Rush is likely to receive record damages after the court found the Tele defamed him in its now-infamous “King Leer” front page story about inappropriate behaviour to a castmate during a production of King Lear. In finding Rush had been defamed, the court took the evidence of Rush, his director and friend Neil Armfield, Robyn Nevin and Helen Buday over that of the castmate, Eryn Jean Norvill, 34, and the one other actor who gave evidence for the Tele Mark Winter.
Norvill didn’t participate in the Tele’s story and had not wanted her complaint made public, but gave evidence during the trial and sat just metres away from Rush in the courtroom in Sydney’s legal district yesterday, wearing a purple shirt and purple ribbon on her blazer — the colour of International Women’s Day. Journalists typing furiously glanced up at her as Justice Michael Wigney dismissed her evidence, saying she was prone to exaggeration and there were too many inconsistencies between her evidence and her behaviour at the time of the alleged inappropriate behaviour. Behind Rush were supporters and onlookers — mostly of his generation — including Nevin.

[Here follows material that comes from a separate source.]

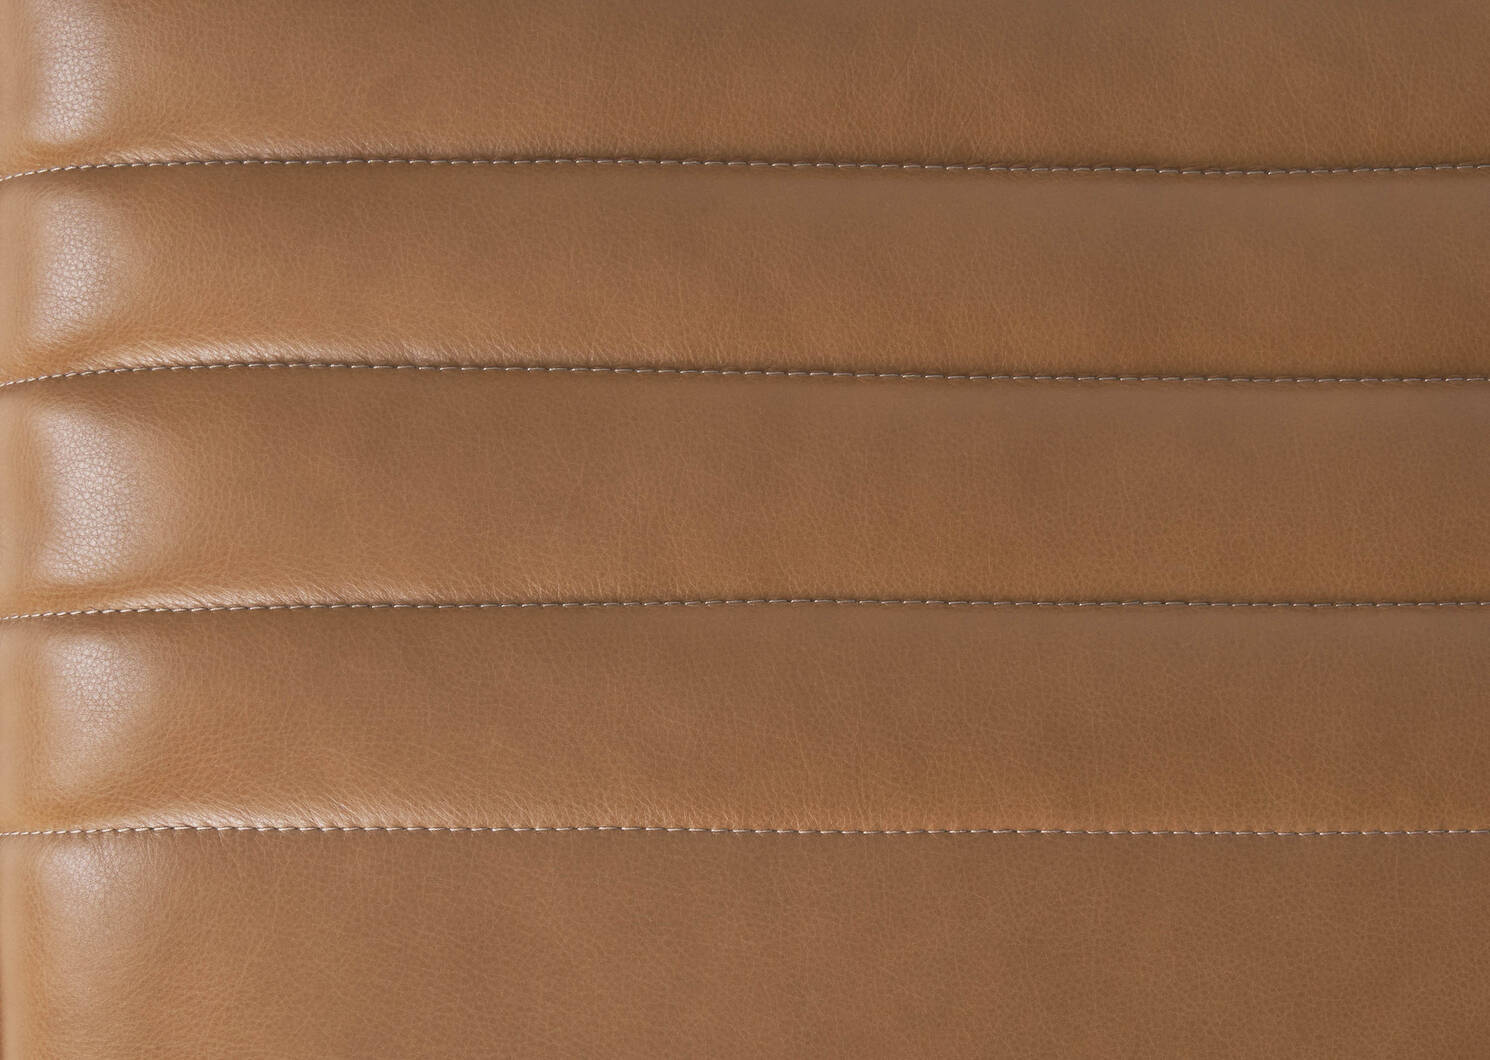 Skylar Leather Ottoman -Adler Tan
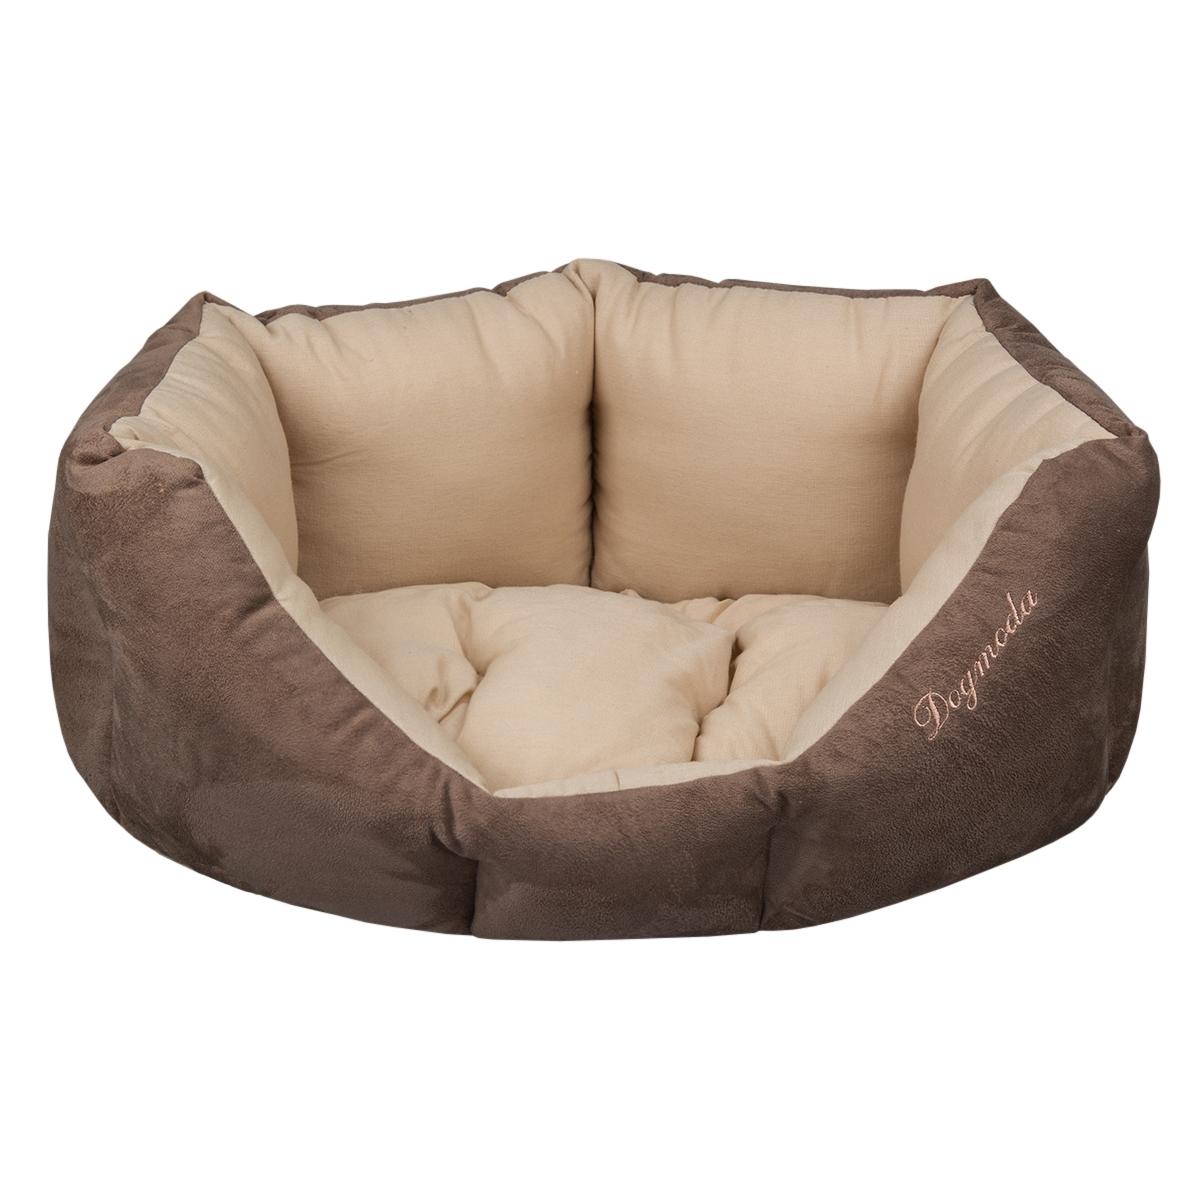 Лежак для животных Dogmoda Капучино, 44 х 52 х 22 смDM-160110Лежак для животных Dogmoda Капучино прекрасно подойдет для отдыха вашего домашнего питомца. Предназначен для кошек и собак мелких и средних пород. Изделие выполнено из искусственной замши и хлопка. Внутри - мягкий наполнитель из холлофайбера, который обеспечивает комфорт и уют. Лежак снабжен съемной подушкой. Комфортный и уютный лежак обязательно понравится вашему питомцу, животное сможет там отдохнуть и выспаться. Высокий уровень комфорта, спокойный благородный цвет и мягкость искусственной замши сделают этот лежак любимым местом отдыха вашего питомца.

In weighing up Norvill’s evidence, Wigney said he couldn’t accept it given that she had given interviews at the time of the production praising Rush, and because she had shown signs of friendship towards him — things Norvill attributed at trial to the power imbalance between herself and Rush. He also said he found “on the balance of probabilities” that the inappropriate touching she claimed never happened, believing the evidence of Armfield and the other, senior castmates.
Wigney said his role was only to apply the law of defamation. “It is not for the court to provide some broader social commentary about sexual harassment in the theatre or entertainment industry in Australia, or the Me Too movement, or the effect that Australia’s defamation laws may have in relation to that movement,” he said.
Outside court, Norvill said she stood by her evidence at trial (“I was there”) and called for change in her industry. “We need to make genuine cultural change in our professions and industries,” she said. “We can do it, but only if we acknowledge and confront with honesty the problems and complexities of power imbalances in our workplaces. It has to be possible for a young woman working in theatre, who feels unsafe in her workplace to get that situation fixed.”
She also thanked actor Yael Stone, who told the ABC and The New York Times that Rush had acted inappropriately toward her when they were acting together in the Belvoir St’s Diary of a Madman. Stone said she’d felt unable to speak up at the time because of the power imbalance between herself as an emerging actor, and the very well known Rush.
The generational divide between supporters for Rush and Norvill was clear. As Norvill was speaking outside court, a woman of Rush’s generation stopped to ask what the media pack was about. When told Rush won, she emphatically said, “Good”, and stalked off. Shortly afterwards on social media, a different demographic got a Twitter hashtag trending in support of Norvill — #IstandwithEJ.
While Wigney was critical of Norvill, he acknowledged she hadn’t chosen to be involved in the Tele’s story, and he saved his harshest words for the Sydney tabloid. He said it was a “sad and unfortunate case” that would have been better dealt with in a different way to a defamation proceeding. In finding that Rush was entitled to aggravated damages ($850,000), he said the articles were published in an “extravagant, excessive and sensationalist manner”, without regard to the truth of falsity of the imputations they published. “This was, in all the circumstances, a recklessly irresponsible piece of sensationalist journalist of the worst kind,” he said.
The messy trial is over — both Rush and Norvill said outside court that there were no winners — but the implications will flow on as lawyers return to court next month to argue what is likely to be millions of dollars of compensation for economic loss, in addition to the aggravated damages already awarded.